A problem arose when it came to companies competing in these real time bidding auctions. Some firms didn’t have the technology or knowledge to carry out these transactions. It was vital that ad space was being bought correctly and on sites that wouldn’t damage the brand. To manage this process, Demand Side Platforms (DSPs) were created, where constant optimisations used data to create more efficient purchasing decisions for the advertisers (Busch, O. 2014). Of course the publishers had the same technological and knowledge limitations so Sell Side Platforms (SSPs) were created to optimise the selling points for these different publishers.

So now we go onto look at how programmatic buying has changed the way media is purchased through the ad exchange.

 

What is programmatic buying?

Put simply, programmatic buying is the use of automated technology to faster and more efficiently trade digital media (Smith, M. 2014). Real time bidding (RTB) was just the start of programmatic buying.
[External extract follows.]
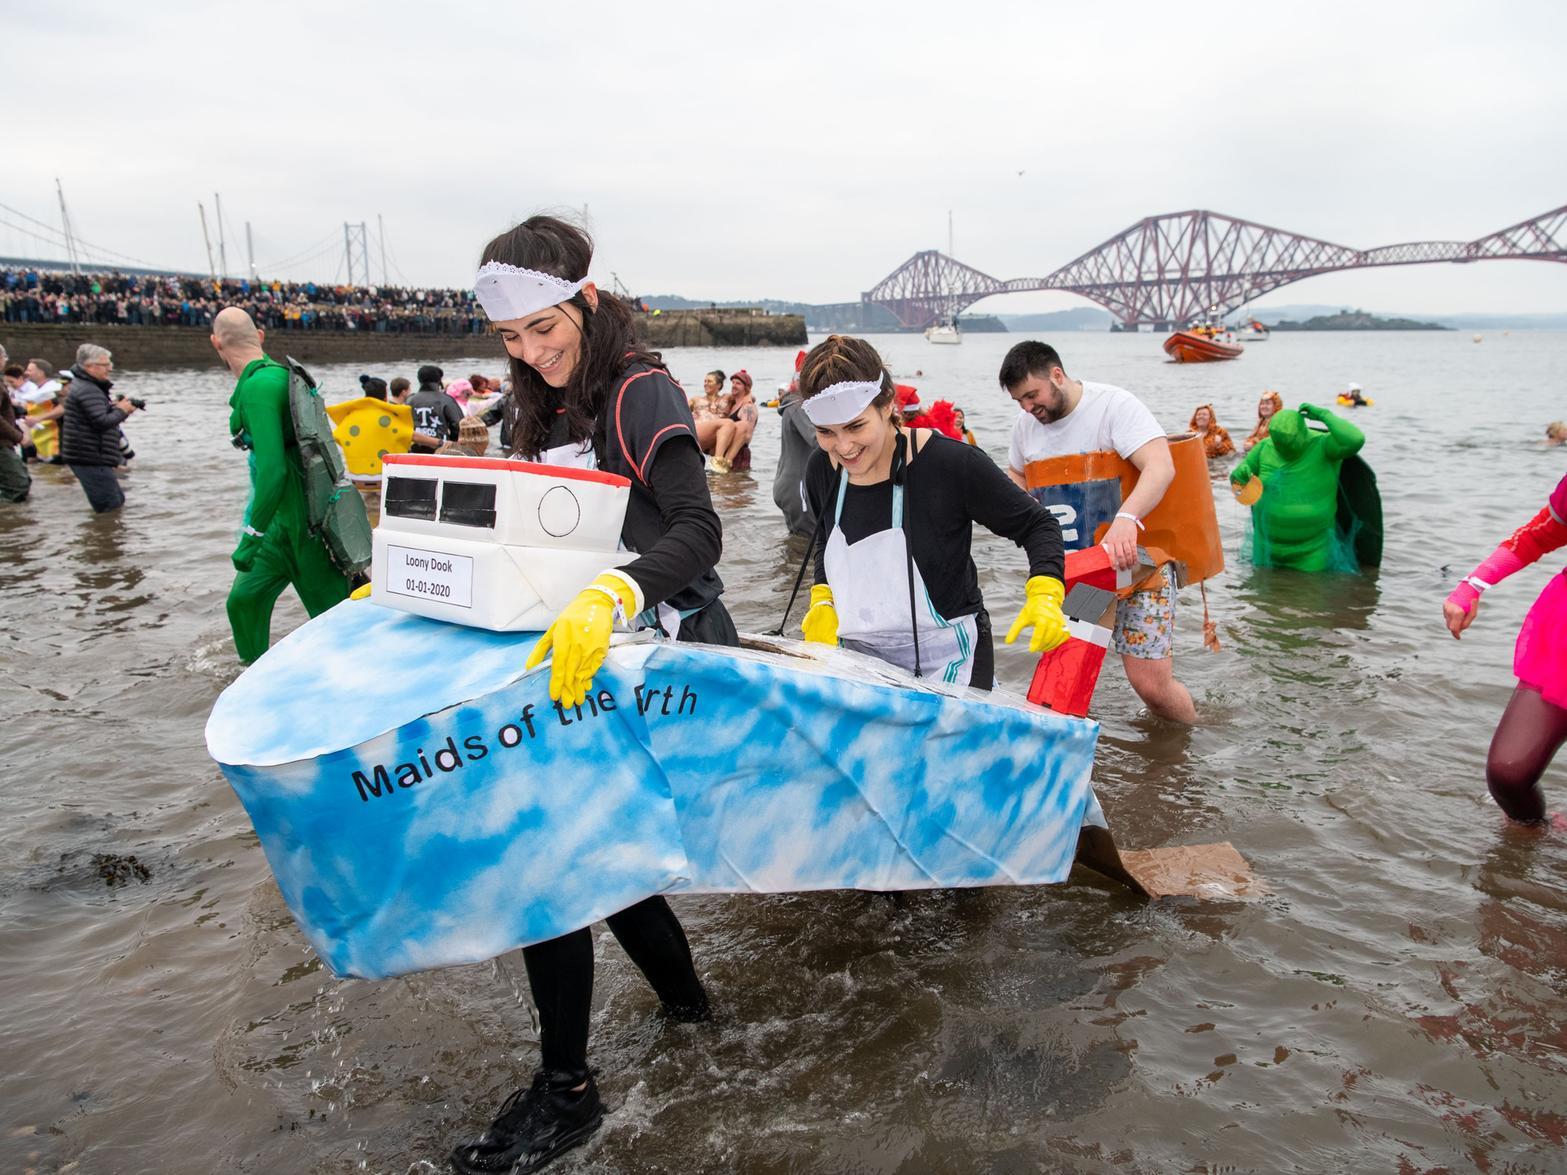 These dookers dressed up as the Maid of the Forth sightseeing boat which goes under the Forth Bridge and to Inchcolm Island from South Queensferry.

It has now evolved into much more than purely auctions on the Ad Exchange, with advertisers and agencies now being able to use programmatic techniques to transact, not only unreserved inventory, but reserved inventory as well (Busch, O. 2014). Programmatic meant that marketers could bid to show a different add to a different user based on data collected about that user. This data is collected from cookies that are placed in the text information when data from a web page is downloaded to the users computer when they click on the site. Improving this data pool to refine the programmatic process has made it the ideal tool for online marketing, giving advertisers the ability to serve the right ads to the right people at the right time, what all marketing should strive for. On top of this audience segmentation targeting, it has allowed digital marketers to set budgeting parameters like what they are willing to pay for an impression, creating another efficiency this time in monetary value.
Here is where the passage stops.